Political campaigns increasingly rely on technology but have small teams, creating cybersecurity vulnerabilities that cybercriminals can exploit.
Will Hurd, a former Republican congressman from San Antonio, said election misinformation is a real threat to American Democracy.
Hurd, a former 2024 presidential candidate, cybersecurity expert, and former undercover officer in the CIA, spoke at a Thursday half-day summit at Google’s downtown office in Austin. Defending Digital Campaigns, a Google Partner, put on the event. The organization provides political parties and campaigns with knowledge, products, and services to protect themselves from cyber threats and attacks. More than 100 people attended the event, including leading experts in politics and technology.
Hurd said the future of cybersecurity will be a battle between good AI versus bad AI. New tools like Generative AI easily create text, images, and videos with large language models, known as LLMs, like OpenAI’s ChatGPT, Google’s Gemini, Athropic’s Claude.Ai, and others.
Hurd said AI can be used for good, to get the correct information out there, and to facilitate helpful discourse. It’s a tool; use it to promote good conversations, he said.
“That’s the only way we’re going to keep this little experiment called Democracy safe,” Hurd said. “The bad guys aren’t necessarily smarter than you. Truth is on your side. Use it. Harness it.”
Hackers have created havoc with misinformation in past election campaigns, and this year, with Generative AI, the situation will only worsen. In February 2024, the Federal Communications Commission issued a cease-and-desist letter against Texas-based Lingo Telecomm, which is alleged to have originated robocall traffic using AI-generated voice technology to impersonate President Joe Biden and tell voters not to vote in the New Hampshire primary election.
Hurd said misinformation first began circulating through social media during the 2016 Presidential elections, and Blactivist and Southern Pride were some of the originators of posting misinformation campaigns.
“These were two organizations that the Russian Internet Research Agency built and ran social media campaigns,” Hurd said. Those campaigns reached hundreds of thousands of people.
“It’s not just the Russians we have to worry about,” Hurd said.

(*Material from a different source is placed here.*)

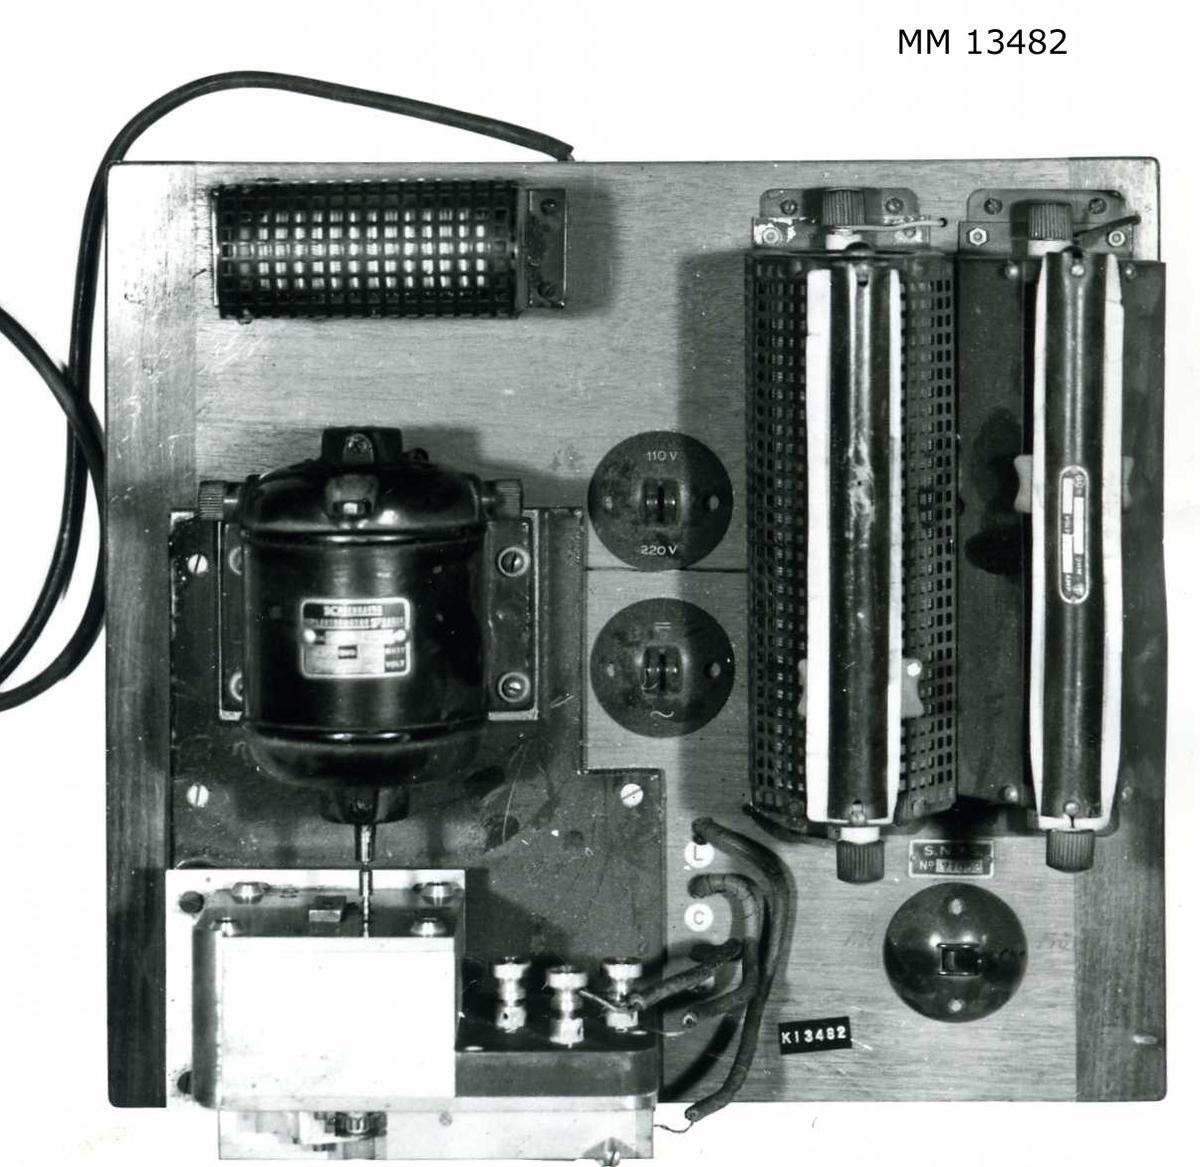 Transmitter (remssändare), automatisk telegrafapparat. Monterad på en platta av mahogny med sändare, motor, reglerbart motstånd och strömbrytare. Märkning: S.N.T.S. 71053

One of China’s latest campaigns is targeting Texas and spreading misinformation across social media about political unrest in the state stemming from immigration and border disputes with the Federal government, Hurd said. The online chatter is about an impending civil war. The U.S. State Department released its first report in September 2023 on the People’s Republic of China’s information manipulation.
“Why are they doing that?” Hurd said. “It’s to erode trust in our institutions. It’s not about influencing the actual vote count. It’s not about ten votes here or there. It’s to erode trust in our institutions because when we are battling each other, we’re not battling them.”
Hurd said that the U.S. has known for years that Chinese hackers have been in some of the U.S.’s critical infrastructure, which should be a considerable concern.
Hurd said the world is already experiencing an infodemic, with information overload from the Internet and social media, and AI will make it even worse.
Information that AI allows us to release into the ether will lead people to do one of three things: they are going to revert to things they already know and people they already trust or straight out reject even if the information is accurate, or they’re going to get duped, Hurd said.
Protecting the democracy starts with protecting yourself, Hurd said.
“Don’t let the bad guys into your systems,” he said.
It’s simple, Hurd said. Hurd said don’t click on phishing messages like fake receipts or messages about other stuff from people you don’t know. He said that is a real tech scam, and 90 percent of cyber hacks start with a phishing expedition. It’s OK to ignore it, he said.
Hurd said that half of all current attacks could have been prevented with updated software.
“Update your freakin’ software, y’all,” Hurd said.
If people do these two things, they protect themselves, their campaigns, their candidates, and their principles, and “you’re preventing the Chinese, the Russians, and the Iranians from gaining access to information they could potentially use in the future,” he said.